The old man spoke in the soft, broad way which Esther was getting to understand now, but which puzzled her at first, as it would puzzle little people if I were to write it down the way the old man spoke it.
She rather liked the funny words and turns of expression now, and she enjoyed sitting by old Master Pollard, as she called him, watching the boys and listening to his tales, which he was always ready to tell when he had a listener.
The boys had a glorious morning, paddling and shrimping with some of the fisher lads of the place. They only returned to Esther when they were growing ravenous for their dinner.
She was glad to get them home quickly, driven by the pangs of hunger; and she told them that Master Pollard had said he would take them out fishing one of these days, and show them how the lobster-pots were set, and various other mysteries.
Esther knew something about lobster-pots, having been with the old man to visit his sometimes; so she rose in the estimation of her cousins, especially as some of the lads had told them that "old Pollard were once a smuggler himself, long ago, when he was a lad," though this Esther was disposed indignantly to deny.
"Well, I hope he was, anyhow," said Puck; "I shall ask him to tell us all about it. I wonder if he knows all about the cave, and whether they pickled corpses up there in his time."
The boys would have gone down to the sh.o.r.e again after their early dinner, but their aunt had another suggestion to make.
"Mrs. Polperran has been in, and wants you all to go to the rectory for the afternoon, and have tea in the garden. I said I would send you all, so that you can make friends with your little playfellows."
"Who is Mrs. Poll-parrot?" asked Pickles, with a sly look in his eyes.
"Polperran, dear. Mr. Polperran is our clergyman, and his children are Esther's little friends, and will be your friends too."
"The Rev. Poll-parrot," said Puck under his breath; and then both boys went off into fits of laughter.
"I don't think you ought to speak like that, Puck," said Mrs. St.
Aiden, with mild reproof. "You must remember he is a clergyman, and you must be respectful."

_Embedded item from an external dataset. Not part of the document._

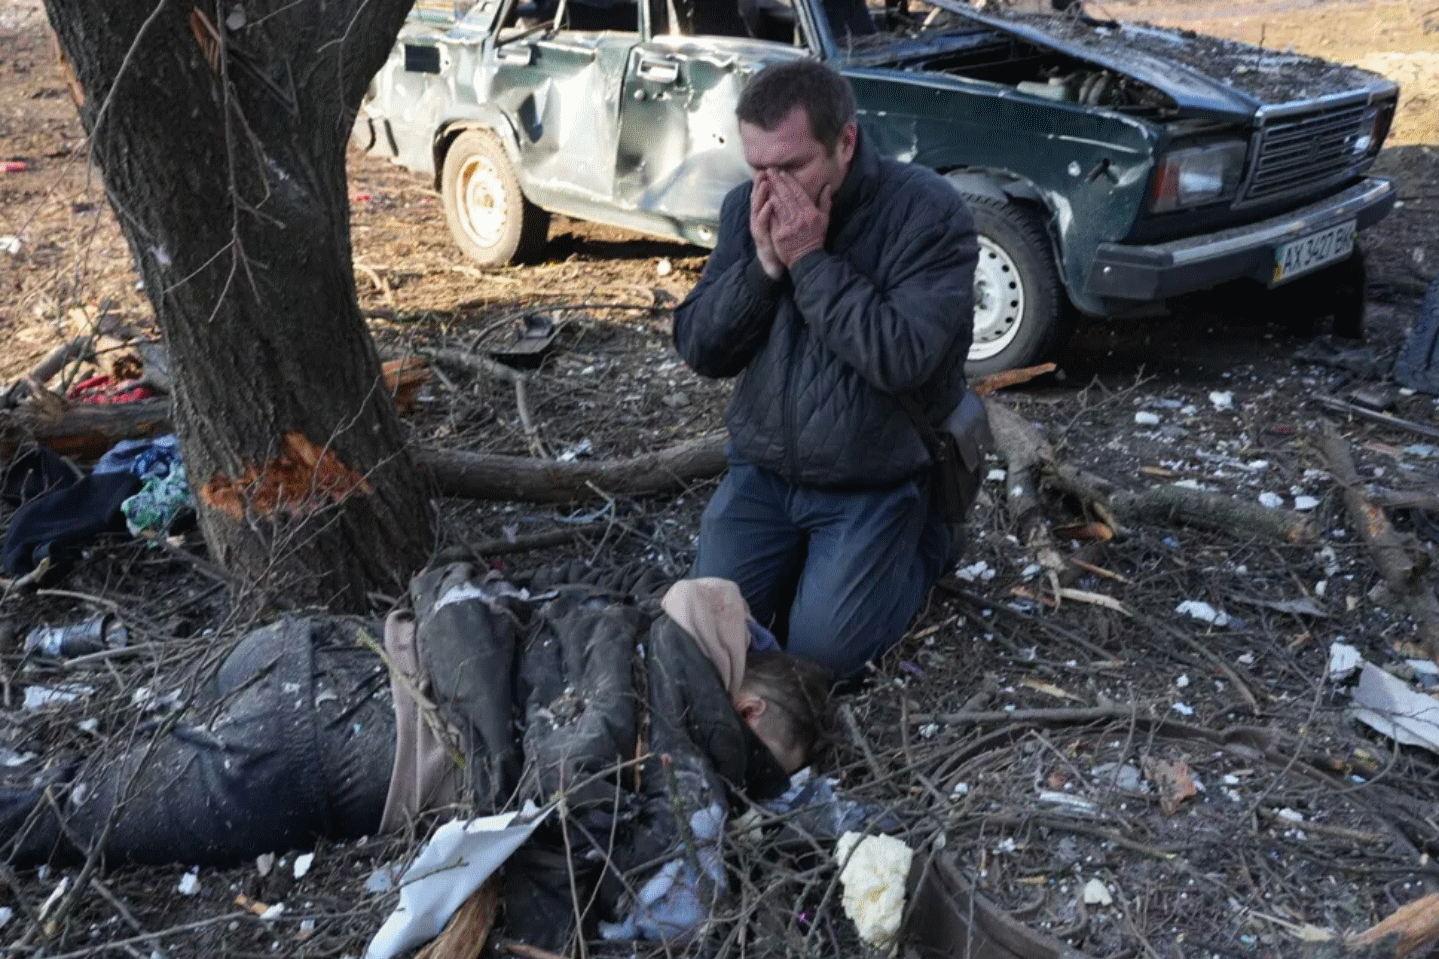 A Ukrainian civilian mourning a dead man. Retrieved from the Huffington Post.

Puck's blue eyes twinkled. It did not seem as though he had very much respectfulness in his composition; but he did not reply. Both the boys treated the gentle invalid with more consideration than they seemed disposed to bestow upon anybody else. They did nothing more free and easy than to dub her "Aunt Saint," and though Mrs. St. Aiden suggested that Aunt Alicia would be better, she did not stand out against the other appellation.
"You look like a saint on a church window," Pickle remarked judicially, "so it seems to fit you better;" and Mrs. St. Aiden smiled indulgently, for it was less trouble to give way than to insist.
It was with some trepidation that Esther conducted her young charges to the rectory that day. The little Polperrans had been so very well brought up, and were so "proper behaved"--as Genefer called it--themselves, that she was fearful of the effect that might be produced upon them by the words and ways of the newly-imported pair.
Mrs. Polperran herself came out to welcome them upon their approach, and Pickle, when introduced, went boldly up to her with outstretched hand.
"How do you do, Mrs. Poll-parrot? Is this the cage you live in?"
Now Mrs. Polperran was just a little hard of hearing, so that she only caught the drift of the speech, and not the exact words, and she smiled and nodded her head.
"Yes, dear; this is my house, and that is the garden where you will often come and play, I hope; and there is an orchard beyond with a swing in it; and here are your little friends all ready to make your acquaintance," and she indicated her three children, who had been close beside her all the time.